How often have you said to yourself, “What if that was my child or what if that was me?”
While traveling to Machu Picchu, I had a surreal experience that couldn’t have sent me a clearer message had it been scripted for television.
I was traveling by local collective minibus, when a young peasant woman squeezed into the little remaining space on the floor with her three children.
The woman, probably about my age, was unmistakably from a rural Andean community. She wore a brown bowler cap, faded sweater, a think woolen skirt and leg warmers. Her ojotas, rubber sandals worn in the corn and potato fields, permitted me to see the dirt caked onto her feet and under her toenails. The women from the puna, or the communities higher up on the mountains, live hard lives and are often discriminated against.
She carried a baby boy in the keparaina on her back and a baby girl in her arms. An older child sat beside her on a large bag of corn kernels.
A grouchy cusqueña woman told her there was no room for her. I offered the young mother my seat. She appeared shocked and shyly refused. I insisted and sat on the floor. The grouchy woman decided there was room for me between her and the peasant woman, so I sat in-between the two women. I looked at the baby girl on her lap. Her cheeks were raw and scabbed. She had a sinus infection and dried mucus covered her nose.
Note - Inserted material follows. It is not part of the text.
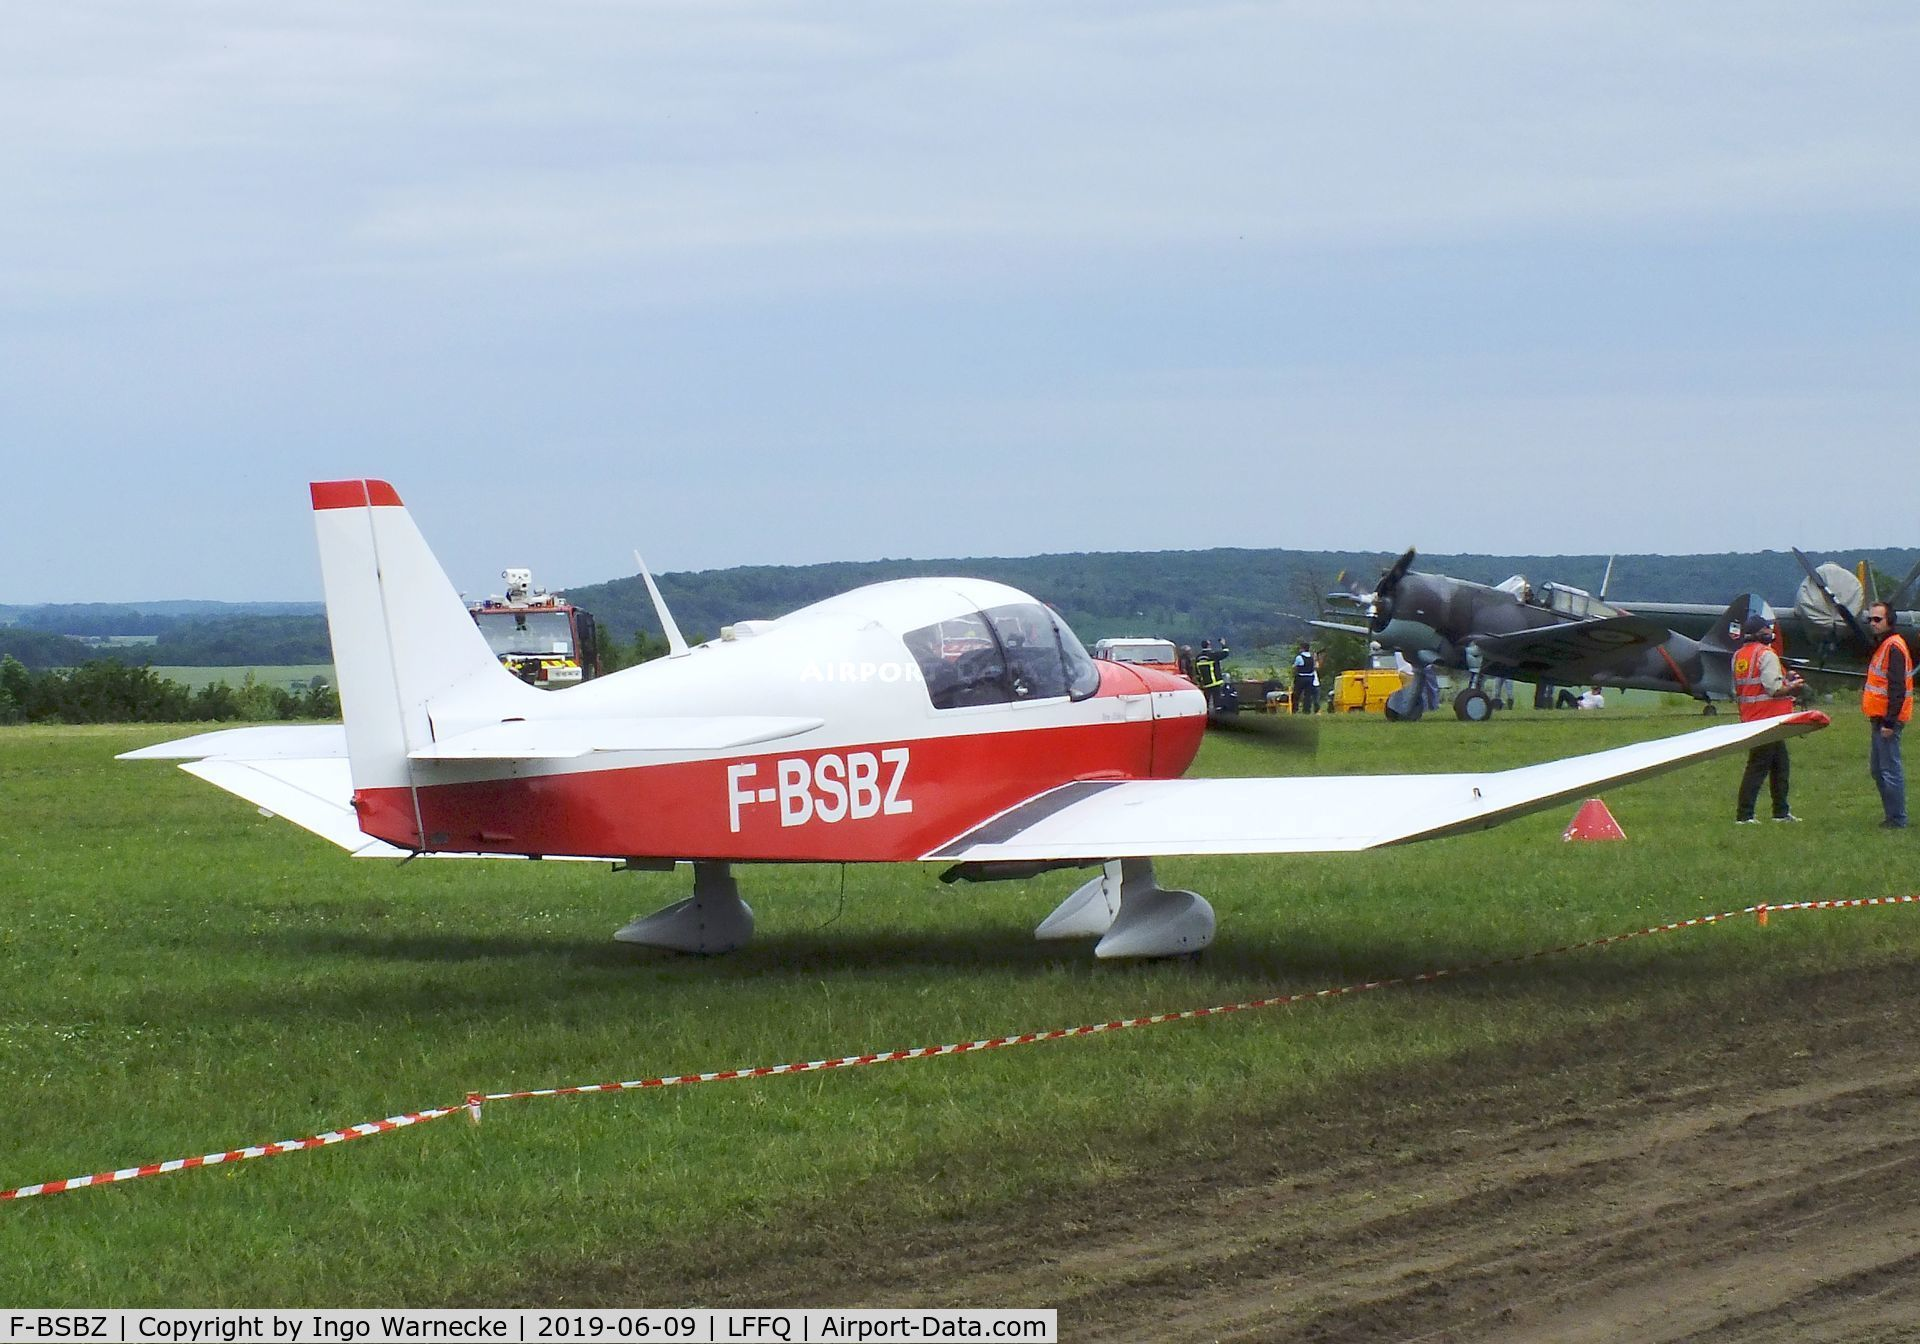 F-BSBZ, CEA DR-360 Chevalier C/N 482, CEA Robin DR.360 Chevalier at the Meeting Aerien 2019, La-Ferte-Alais

“What if that had been me?” I thought.
The little girl looked up at me. We locked eyes. Then I watched as she reached out her tiny hand and wrapped her cold fingers around mine.
The mother looked at me. She spoke little Spanish and I spoke hardly any Quechua. But we didn’t need many words to communicate. “What’s her name,” I asked in Quechua.
The mother smiled, “Gabriela” she said. “And her twin brother is Gabriel”.
A wave of emotion enveloped me.  My eyes welled up with tears.
“My name is Gabrielle too!” I replied.
The woman smiled and began to laugh. “So many Gabriels in one minibus!” she said in Spanish.
I tried to avoid eye contact with the child and continue talking to her mother but I couldn’t avert the child’s beautiful eyes.
The chance meeting with Gabriela and her mother allowed me to internalize and identify with the poverty surrounding me.
How many times do children in developed countries, fortunate enough to be born into middle class families take for granted how blessed they are?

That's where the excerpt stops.